Run formatting and linting tools you prefer (project uses `black` code style).

Run a quick smoke check by running the `classifier.py` module directly:

```powershell
& .venv\Scripts\python.exe ticker_classifier\classifier.py
```

If you add tests, run them with your chosen test runner (e.g. `pytest`).

## Release and Versioning

This package is published to PyPI through GitHub Actions:

- Workflow: `.github/workflows/publish.yml`
- Trigger: GitHub Release published
- Publisher: `pypa/gh-action-pypi-publish` using trusted publishing (OIDC)

Release flow:

1. Update version in `pyproject.toml`.
2. Update `ticker_classifier/__init__.py` `__version__` to match.
3. Commit and push.
4. Create a GitHub release with tag `vX.Y.Z` (or `X.Y.Z`).

The publish workflow validates that the release tag version matches `pyproject.toml` before uploading to PyPI.

## Citation ✍️
If you use this project in your research, please cite as follows (adjust
metadata accordingly):

```bibtex
@misc{ticker-classifier,
author  = {Stephan Akkerman},
title   = {ticker-classifier},
year    = {2025},
publisher = {GitHub},
howpublished = {\url{https://github.com/StephanAkkerman/ticker-classifier}}
}
```

## Contributing 🛠

Contributions are welcome.
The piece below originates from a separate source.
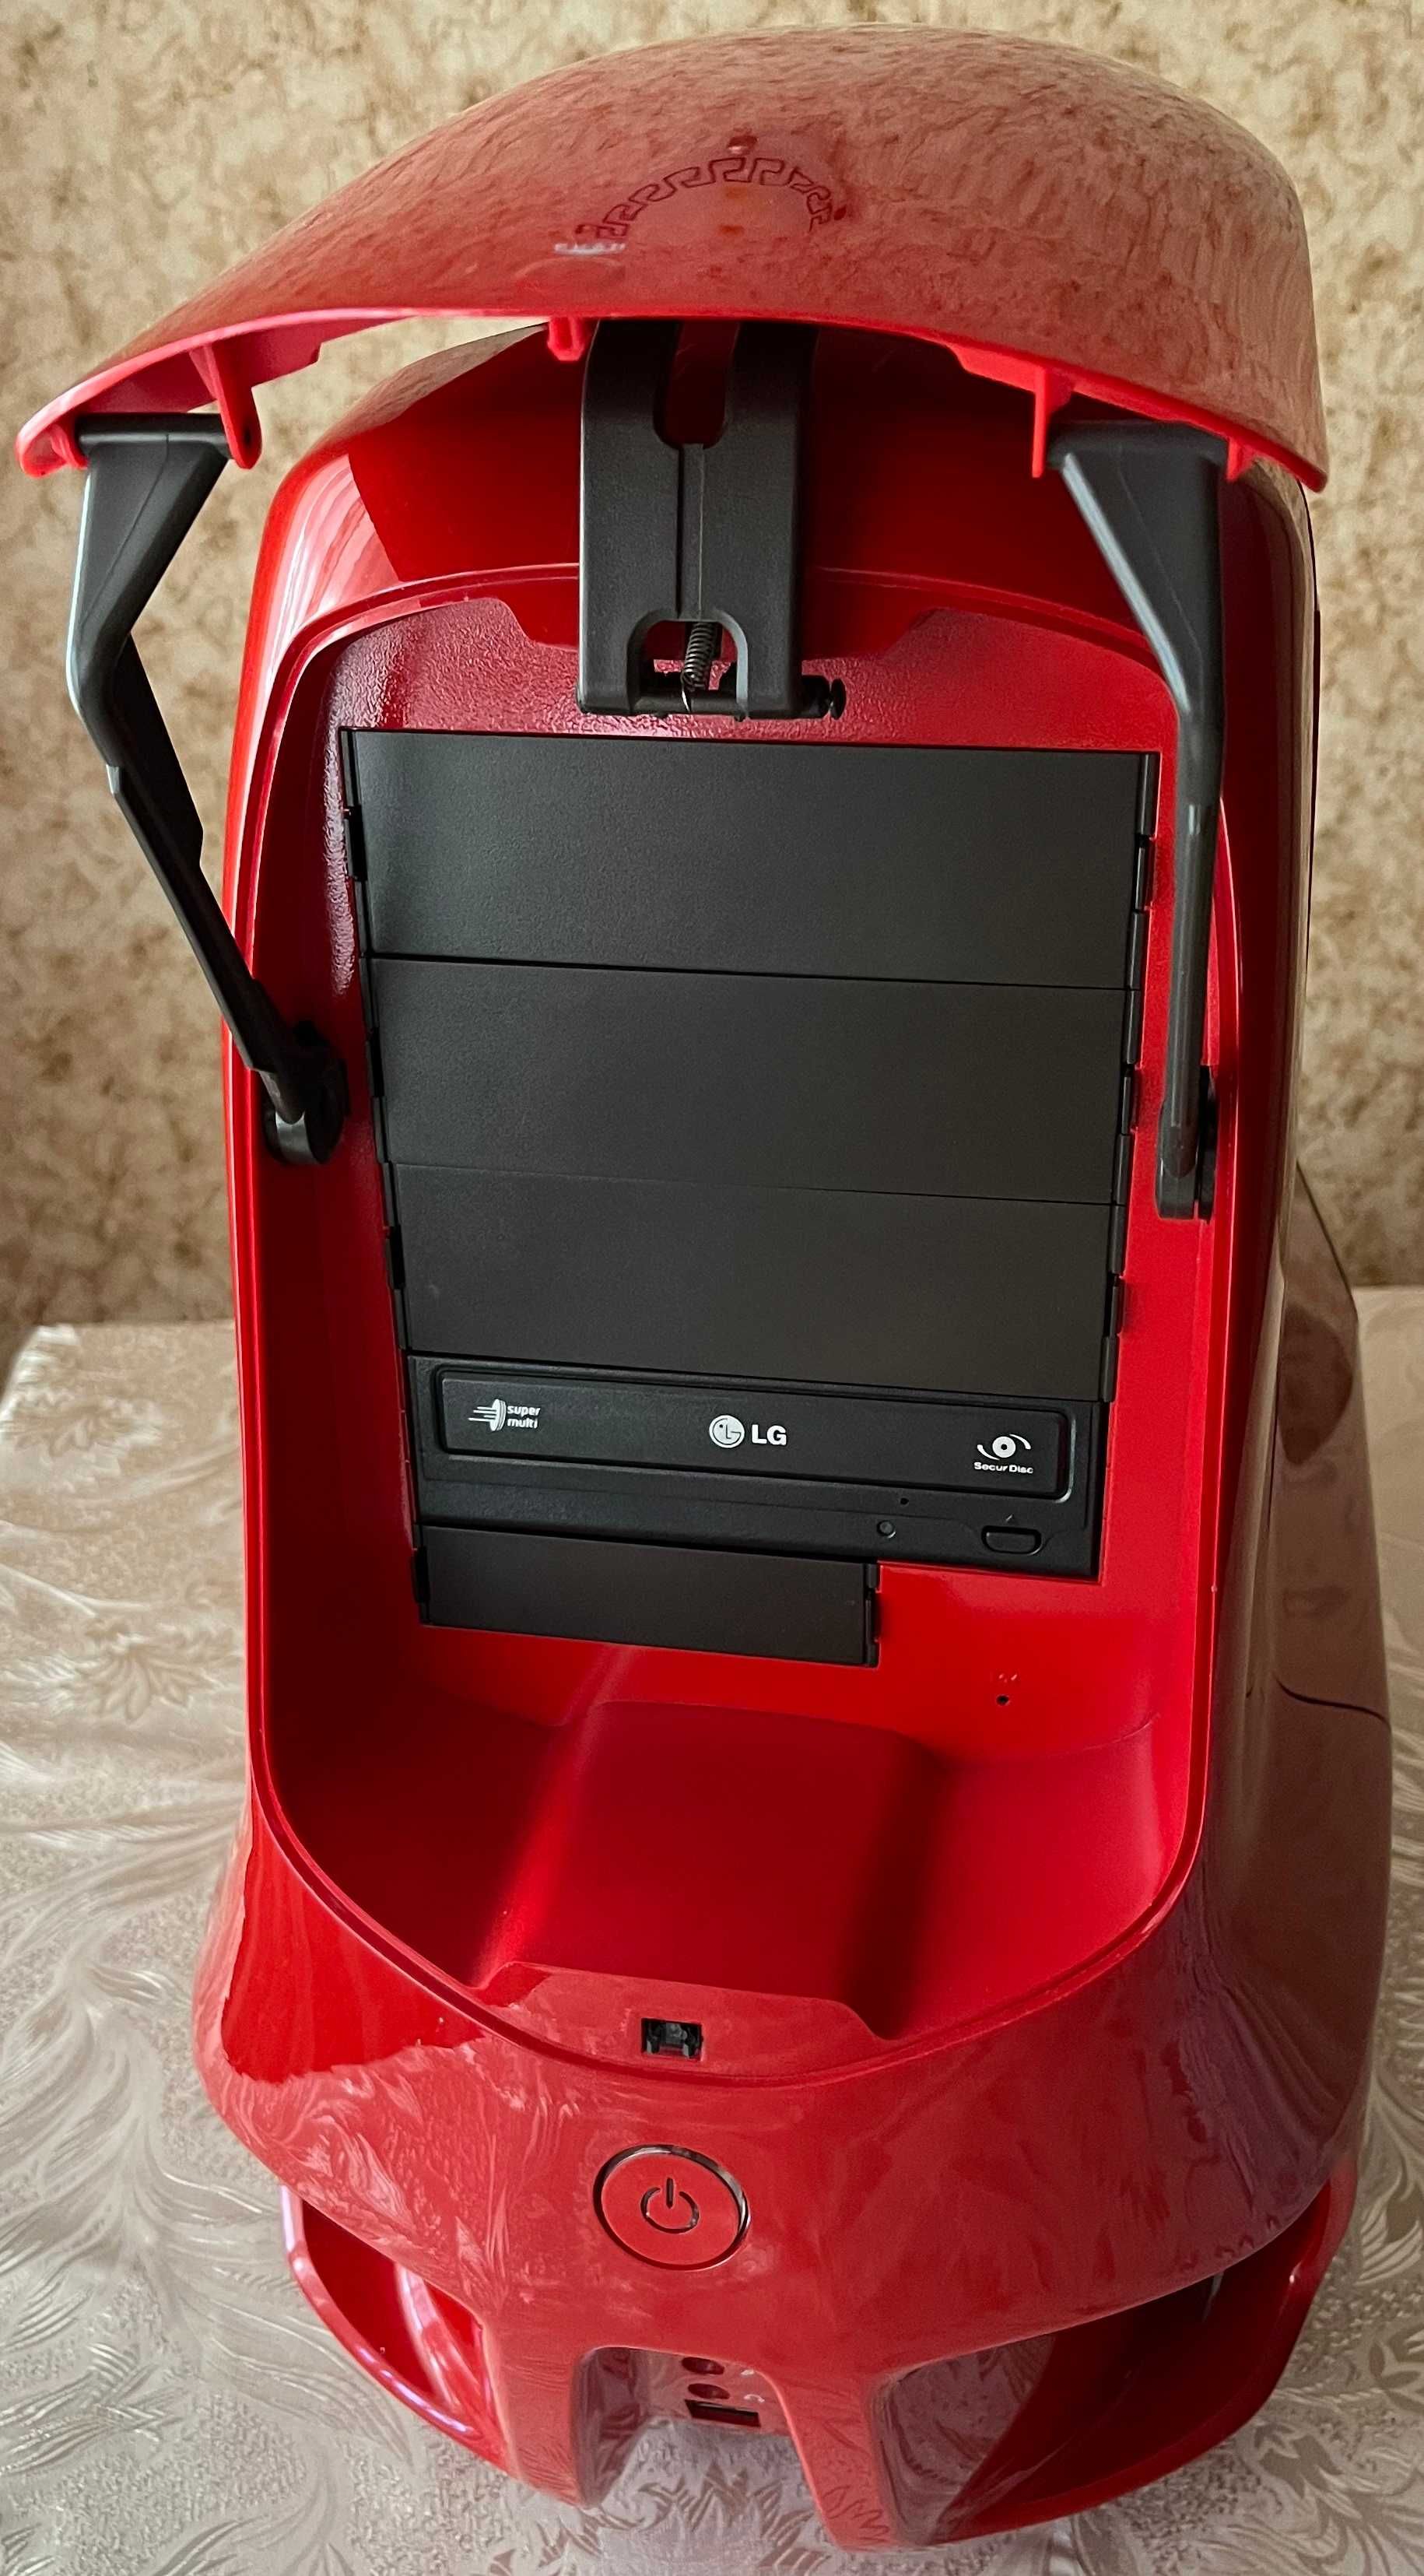 Asus Vento 3600 Red - Компютърна кутия (PC Case)
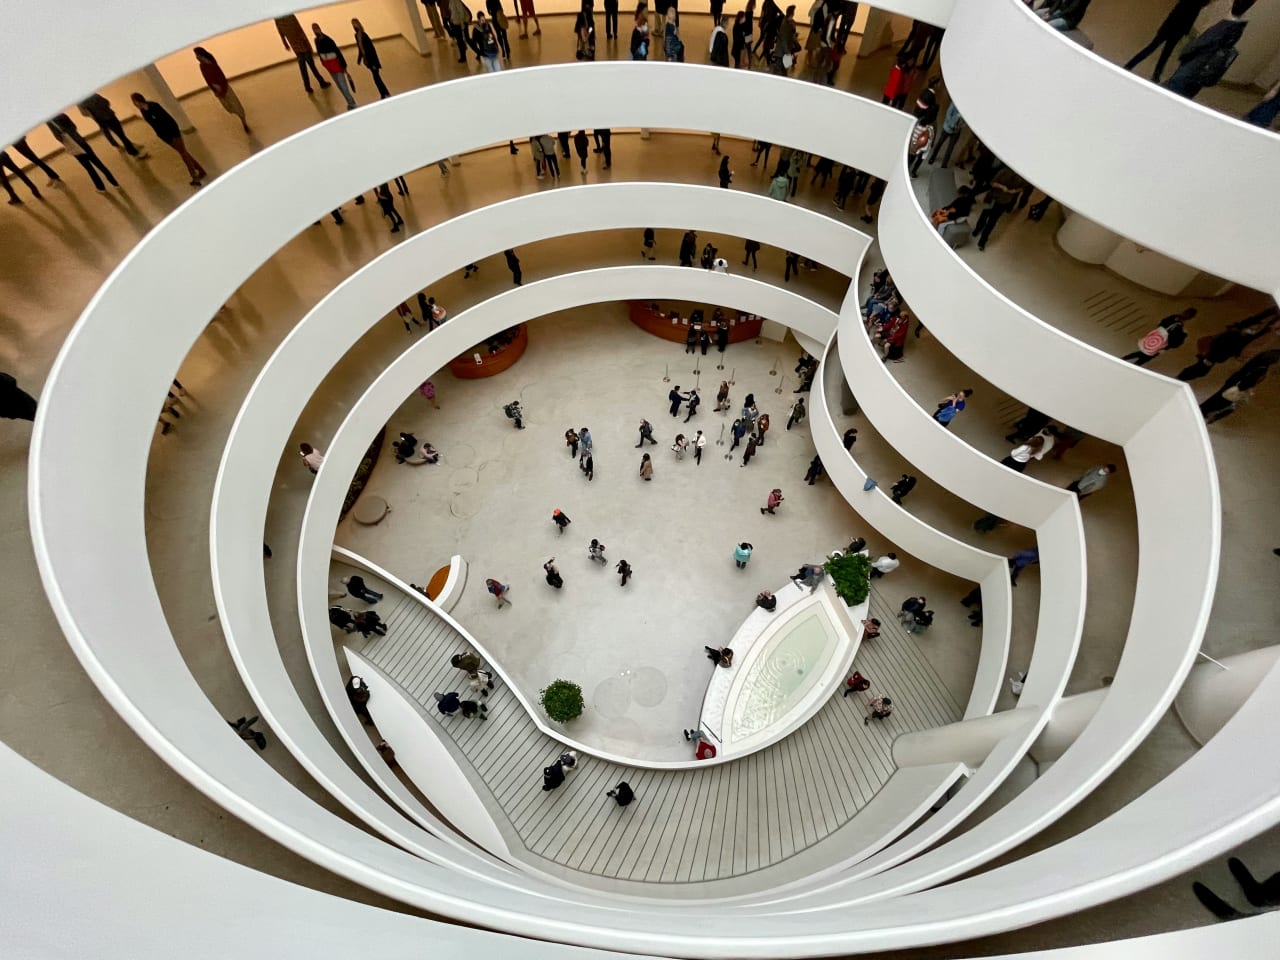 Guggenheim-Museum in New York, USA © unsplash.com - nicholas-ceglia-YM1U9ZOQimk

Suggested workflow:

1. Fork the repository and create a feature branch.
2. Run tests and format your changes with `black`.
3. Open a pull request with a clear description of the change.

Please open issues for feature requests or bugs and include a small
reproducible example when possible.

![https://github.com/StephanAkkerman/ticker-classifier/graphs/contributors](https://contributors-img.firebaseapp.com/image?repo=StephanAkkerman/ticker-classifier)

## License 📜

This project is licensed under the MIT License. See the [LICENSE](LICENSE) file for details.